# Brining Cornish Hens



## JRsTXDeb (Nov 23, 2004)

It's just going to be hubby and I for T-day this year and I've been debating whether to go out or cook in, am thinking of roasting a couple cornish hens - has anyone brined them?  I'm assuming I could do it for 3 hours or so then roast as usual - had good success with a chicken last week.  The other option is to run by a natural food store and pick up a fresh roasting chicken or capon - so if anyone has brined either the cornish hens or capon I would appreciate your comments

Happy Thanksgiving all!


----------



## GB (Nov 23, 2004)

I have not, but I would assume your plan of brining for 3 hours and then roasting should work great.

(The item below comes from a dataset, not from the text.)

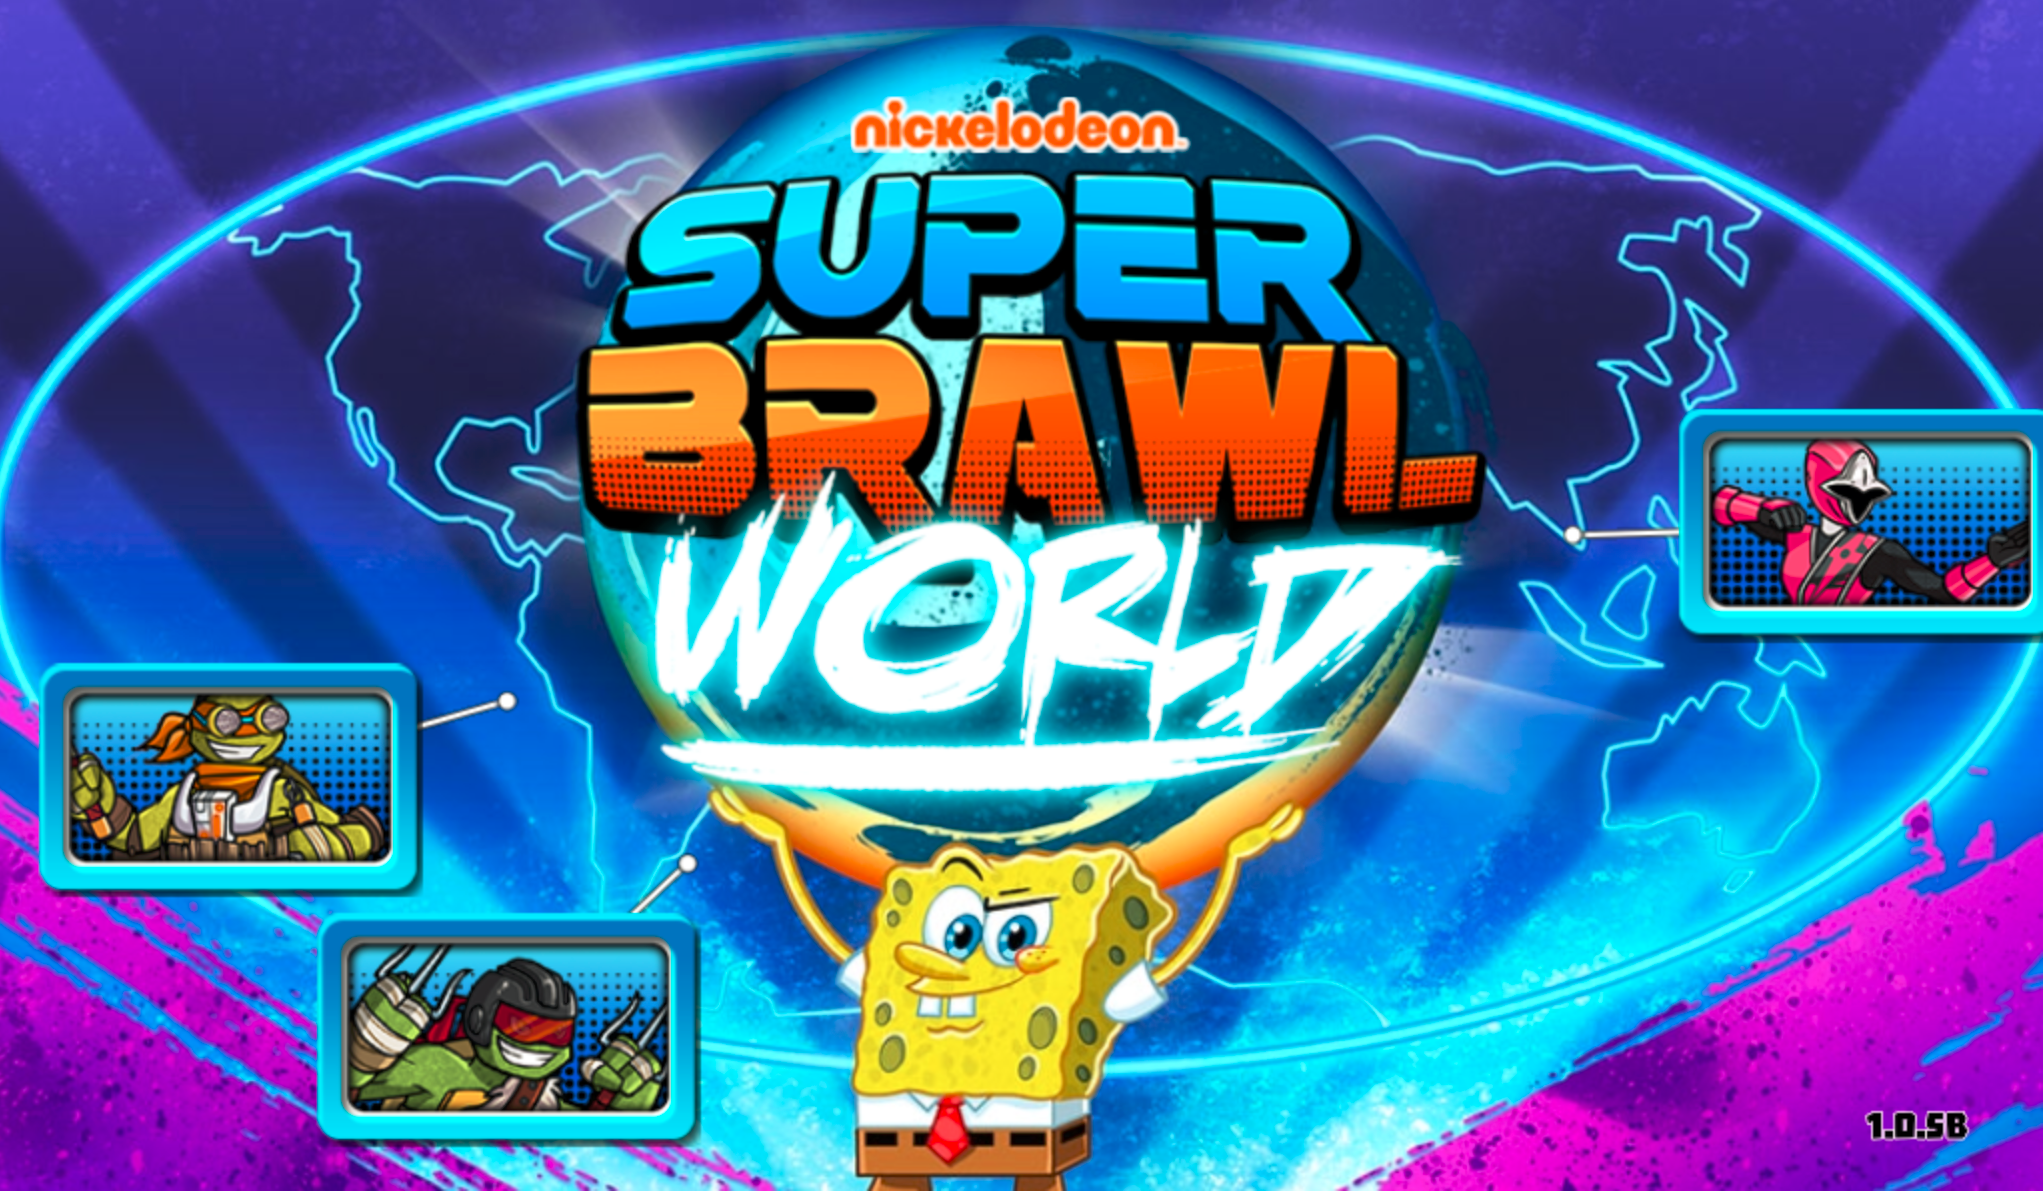 Nickelodeon games super brawl 2

Good luck and let us know how it turns out!


----------



## Raine (Nov 23, 2004)

Check out brining times:

Whole Chicken 3-8 hrs 
Chicken Pieces 1-2 hrs 
Whole Turkey 12 hrs-2 days 
Turkey Breast 4-8 hrs 
Cornish Game Hens 1-2 hrs 
Pork Chops 2-6 hrs 
Pork Tenderloin 2-8 hrs 
Whole Pork Loin 1-3 days


----------



## JRsTXDeb (Nov 23, 2004)

Thanks Rainee  -  I think I'll try all those eventually...now just to get to the grocery store before Wednesday afternoon madness sets in


----------